INTERACT's primary application domain is psychiatric and neurological genetics, where researchers need to identify which non-coding GWAS risk variants functionally regulate gene expression or chromatin state in brain tissue. The model enables researchers to prioritize variants for experimental validation among the many candidates in LD blocks that contain GWAS signals. It is also applicable in studies of neurodevelopmental conditions, Alzheimer's disease, bipolar disorder, and other brain-related traits where genome-wide association studies have identified non-coding risk loci. Beyond psychiatric genetics, INTERACT's predicted MRV scores provide a resource for understanding the regulatory grammar of DNA methylation in the brain, identifying which sequence motifs and transcription factor binding sites most strongly influence local CpG methylation. The model's approach generalizes to any tissue where matched WGBS and genotype data are available for training.

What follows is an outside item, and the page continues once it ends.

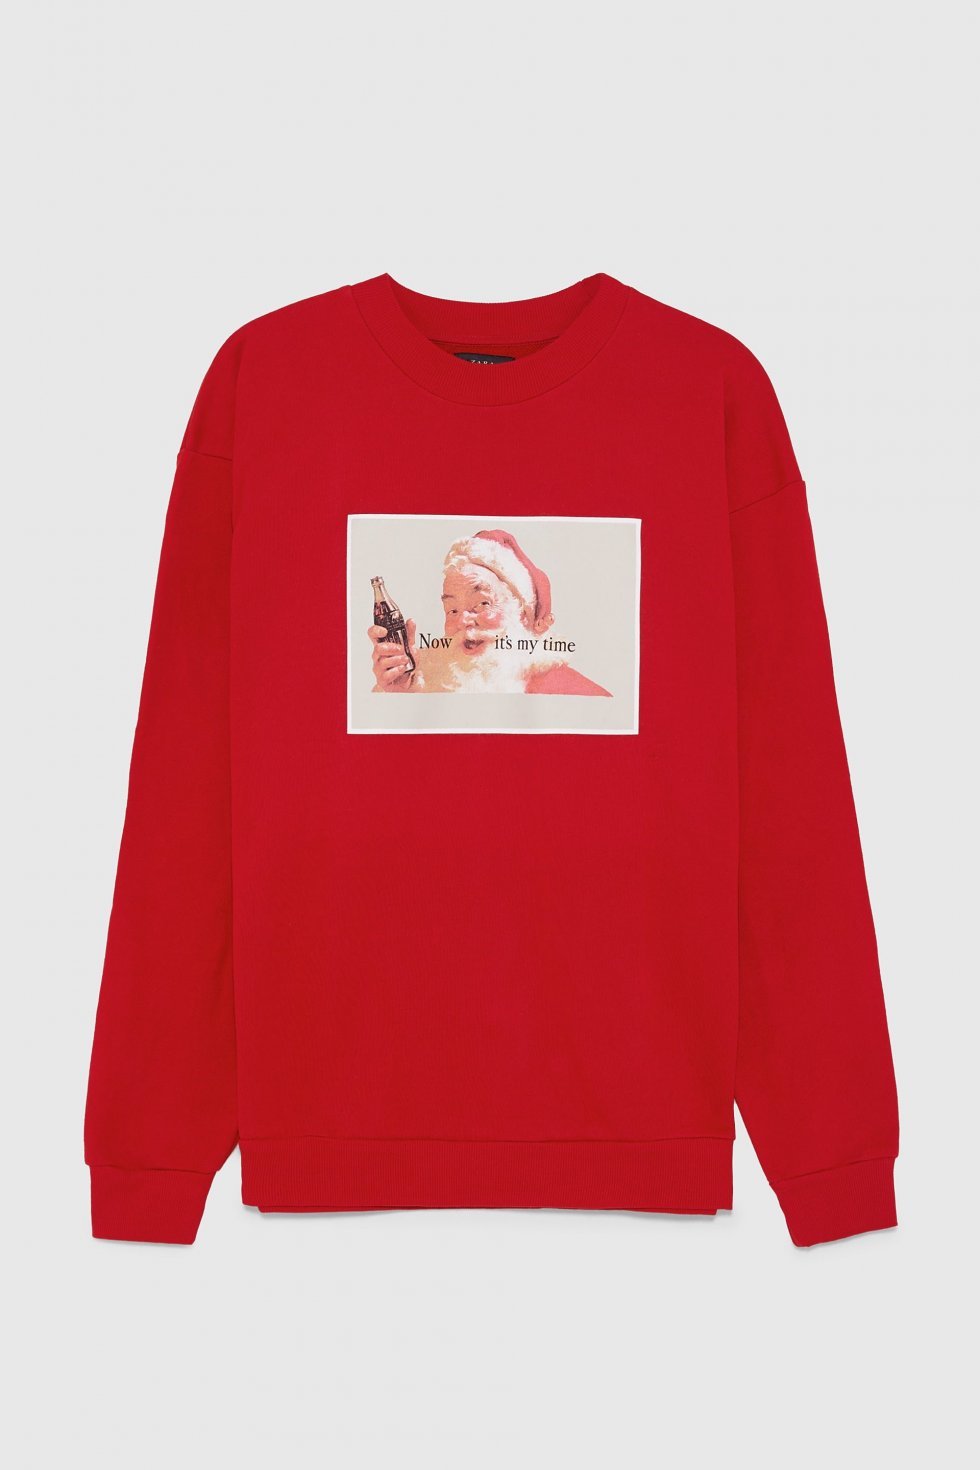 Zara - Coca-Cola Julesweatshirt, 299 kroner.  - Klar til julefrokost: 25 (grimme) juletrøjer

INTERACT demonstrated that deep learning models trained on epigenomic data could generate quantitative regulatory variant scores that both validate against experimental mQTL evidence and improve the resolution of GWAS fine-mapping for psychiatric traits. By explicitly integrating sequence-based predictions with genetic association data, the work established a template for epigenomic deep learning to contribute to causal variant identification — a longstanding bottleneck in human genetics. The PNAS publication attracted attention from psychiatric genetics and functional genomics communities, and the follow-on Cell-type-INTERACT model extended the approach to cell-type-specific methylation prediction. A key limitation is that INTERACT, like all sequence-to-methylation models, predicts the genetically regulated component of methylation variation and cannot account for environmental or stochastic contributions. The model's dependence on brain tissue training data also limits its performance in non-brain tissues without retraining, though the multi-tissue fine-tuning strategy partially addresses this.